### Basic Text Processing Techniques
1. Tokenization 
- Involves splitting text into smaller units like words or sentences.

In [6]:
from nltk.tokenize import TreebankWordTokenizer
import nltk
nltk.download('punkt')

# example text
text = 'NLP is fun and useful!'

# Tokenize the text
tokenizer = TreebankWordTokenizer()
tokens = tokenizer.tokenize(text)
tokens

[nltk_data] Downloading package punkt to /home/wanyua/nltk_data...
[nltk_data]   Package punkt is already up-to-date!


['NLP', 'is', 'fun', 'and', 'useful', '!']

2. Stopword Removal
- Stopwords are common words like the 'I', 'and' that don't carry significant meaning. Removing them help focus on meaning words

In [7]:
from nltk.corpus import stopwords
nltk.download('stopwords')

# Define a set of stopwords
stop_words = set(stopwords.words('english'))

# filter our stopworkds from the tokenized text
filtered_tokens = [word for  word in tokens if word.lower() not in stop_words]
filtered_tokens

[nltk_data] Downloading package stopwords to /home/wanyua/nltk_data...
[nltk_data]   Package stopwords is already up-to-date!


['NLP', 'fun', 'useful', '!']

3. Stemming
- Stemming reduces words to their root form by chopping off suffixex. It helps in grouping words with the same meaning.

Example: 'running' -> 'run'


In [8]:
from nltk.stem import PorterStemmer

# initialize stemmmer
stemmer = PorterStemmer()

# Stem the filtered tokens
stemmed_tokens = [stemmer.stem(token) for token in filtered_tokens]
stemmed_tokens

['nlp', 'fun', 'use', '!']

4. Lemmatization
- It reduces words to their base or dictionary form(lemma) by considering the context and meaning.
Example: 'better' -> 'good'


In [9]:
from nltk.stem import WordNetLemmatizer
nltk.download('wordnet')

# Initialize lemmatizer
lemmatizer = WordNetLemmatizer()

# Lemmatize the filtered tokens
lemmatized_tokens = [lemmatizer.lemmatize(token) for token in filtered_tokens]
print('Lemmatized tokens:', lemmatized_tokens)
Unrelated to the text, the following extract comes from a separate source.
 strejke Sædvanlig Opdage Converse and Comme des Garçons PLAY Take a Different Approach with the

[nltk_data] Downloading package wordnet to /home/wanyua/nltk_data...
[nltk_data]   Package wordnet is already up-to-date!
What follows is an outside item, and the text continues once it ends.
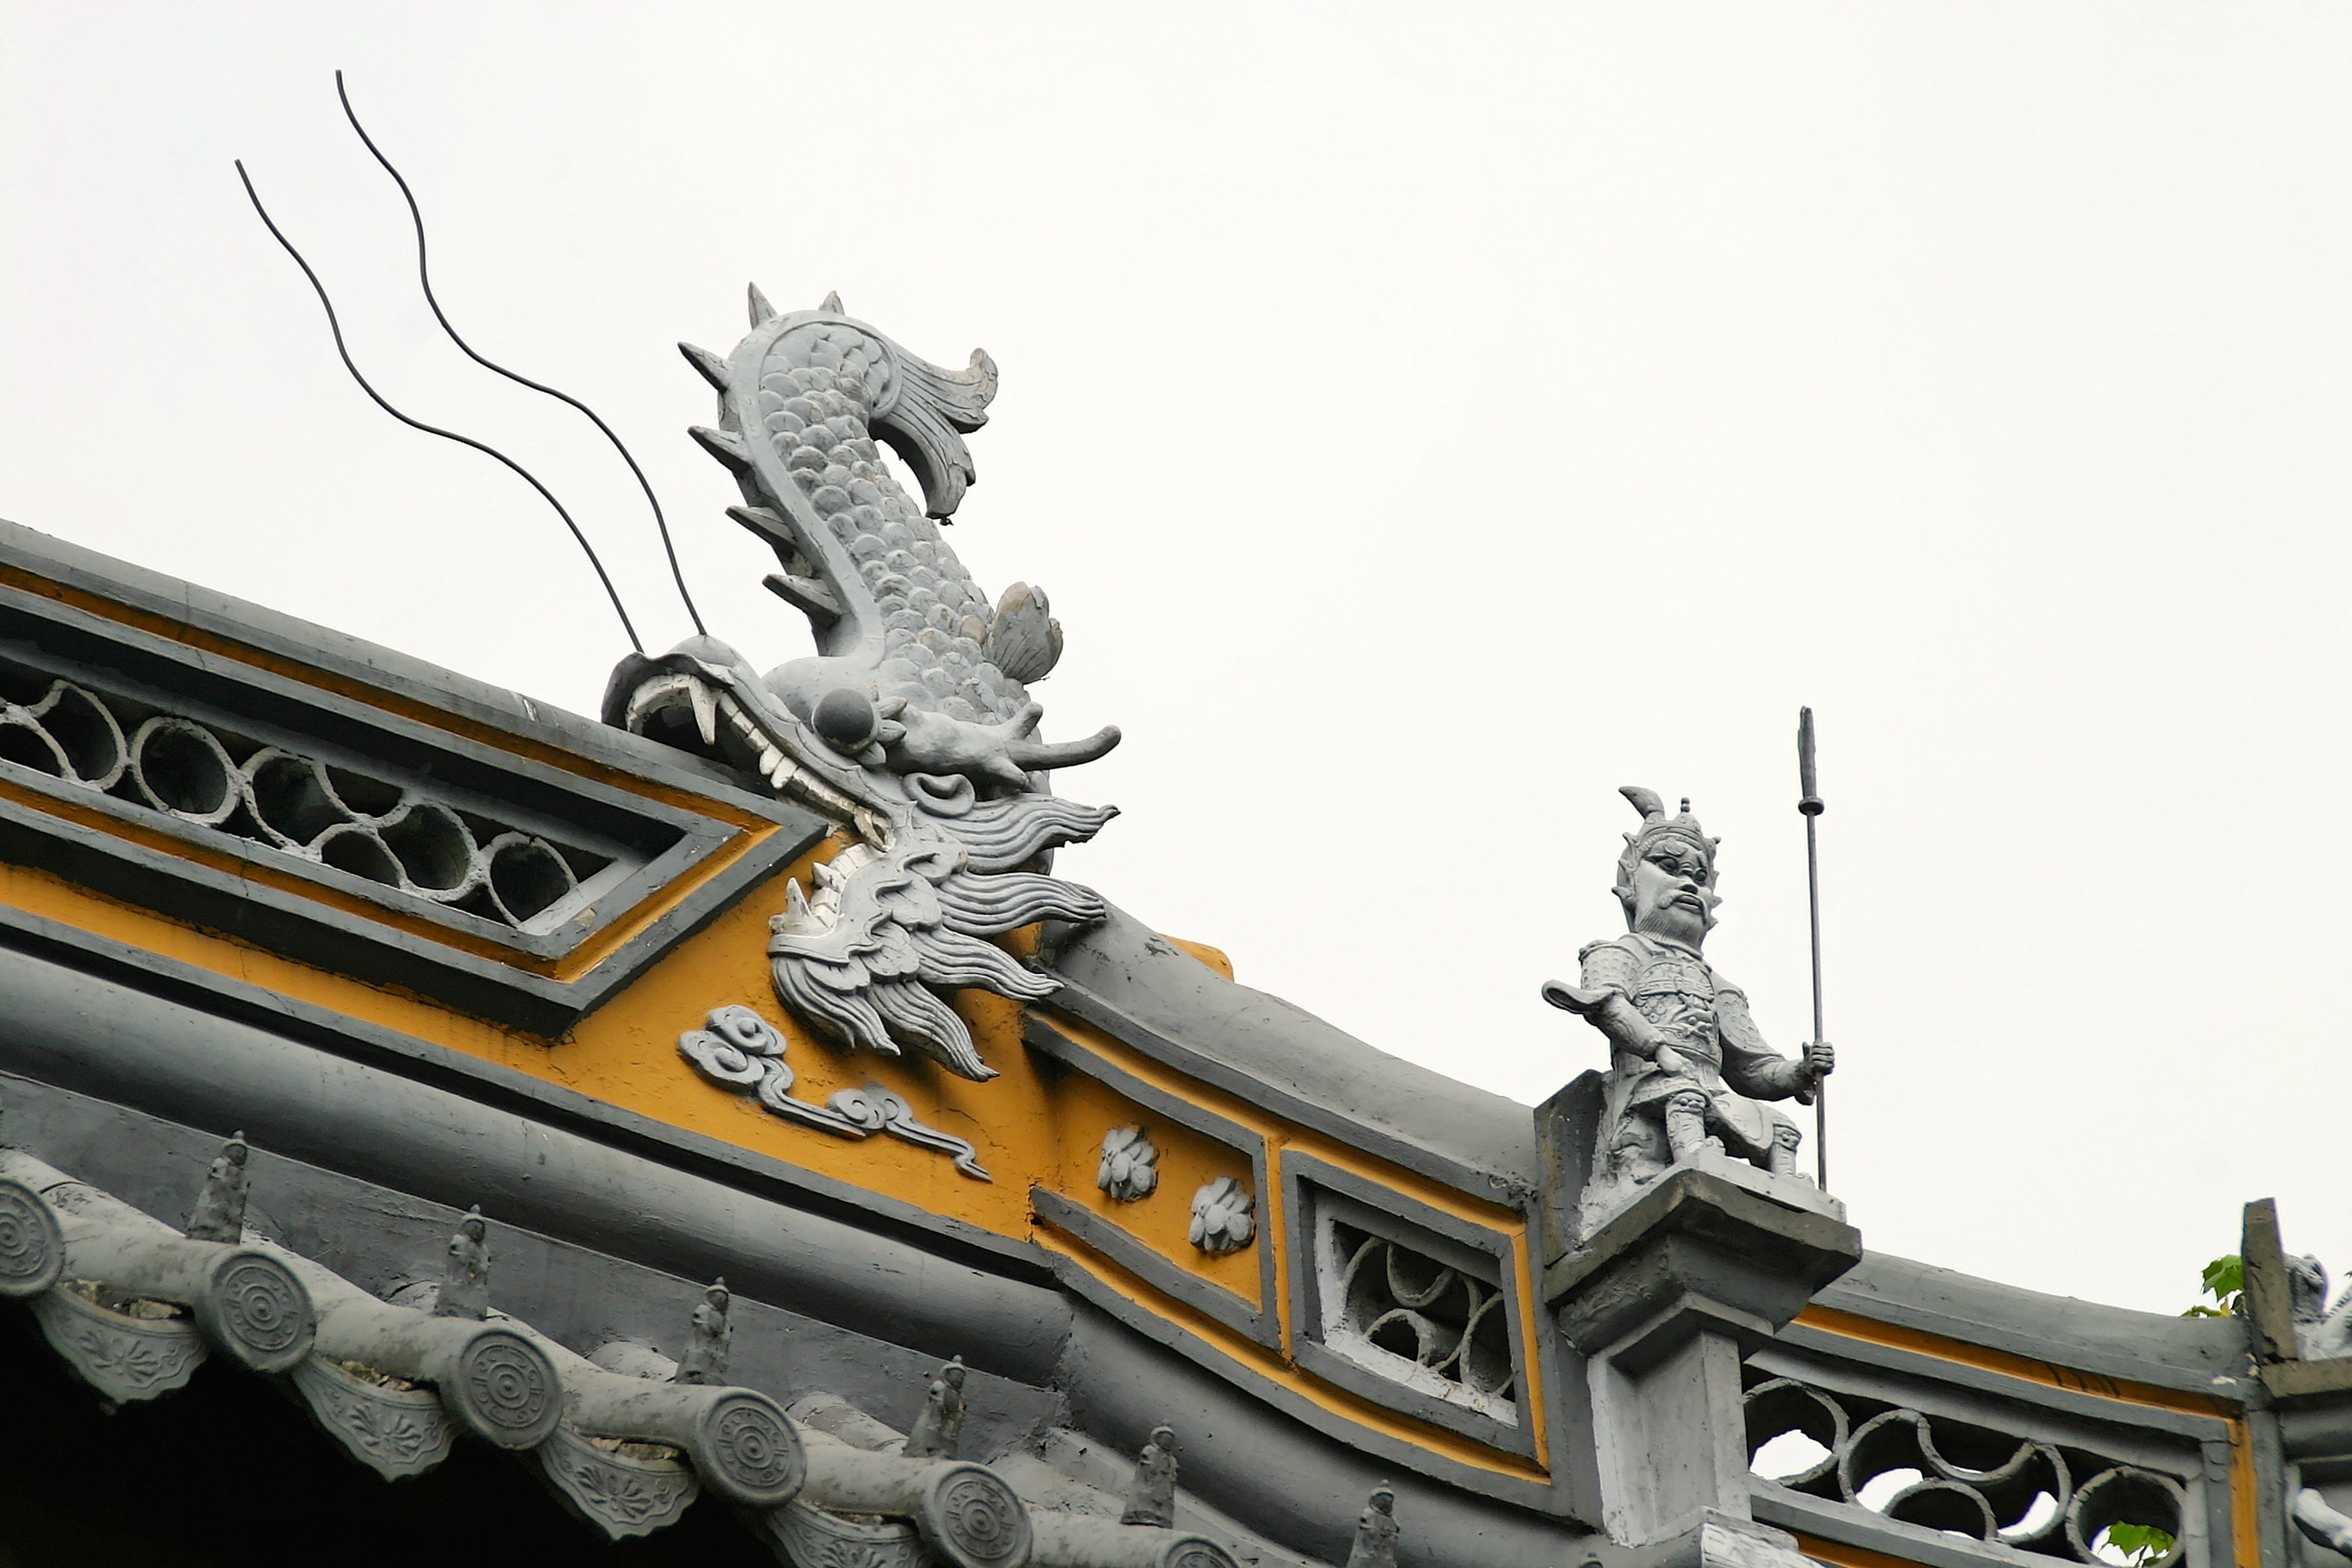 Roof, China, Dragon, Forbidden City, architecture, statue

Lemmatized tokens: ['NLP', 'fun', 'useful', '!']


5. Case conversion
- Converting text to lowercase to ensure consistency during processing. (eg. 'Cat' and 'cat' are treated the same)

In [10]:
# Converting text to lowercase
lowercase_tokens = [token.lower() for token in lemmatized_tokens]
print(f"Lowercase tokens: {lowercase_tokens}")
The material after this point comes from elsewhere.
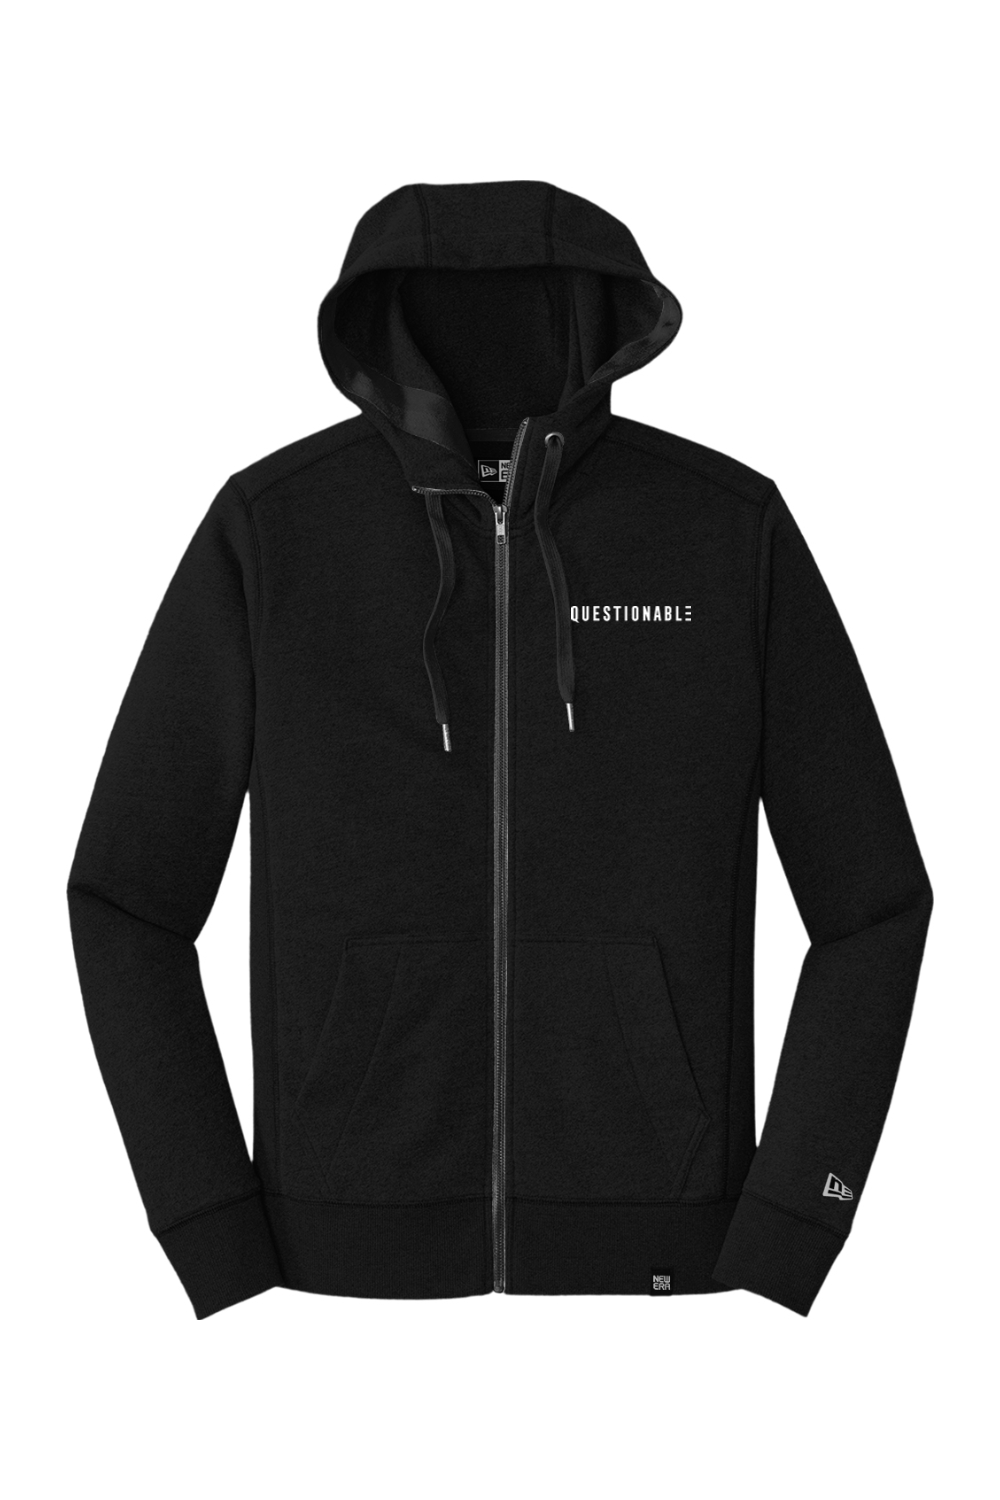 D-Mon - New Era French Terry Lions Full-Zip Hoodie

Lowercase tokens: ['nlp', 'fun', 'useful', '!']


In [4]:
import nltk
nltk.download('punkt')
nltk.download('stopwords')
nltk.download('wordnet')

[nltk_data] Downloading package punkt to /home/wanyua/nltk_data...
[nltk_data]   Package punkt is already up-to-date!
[nltk_data] Downloading package stopwords to /home/wanyua/nltk_data...
[nltk_data]   Package stopwords is already up-to-date!
[nltk_data] Downloading package wordnet to /home/wanyua/nltk_data...


True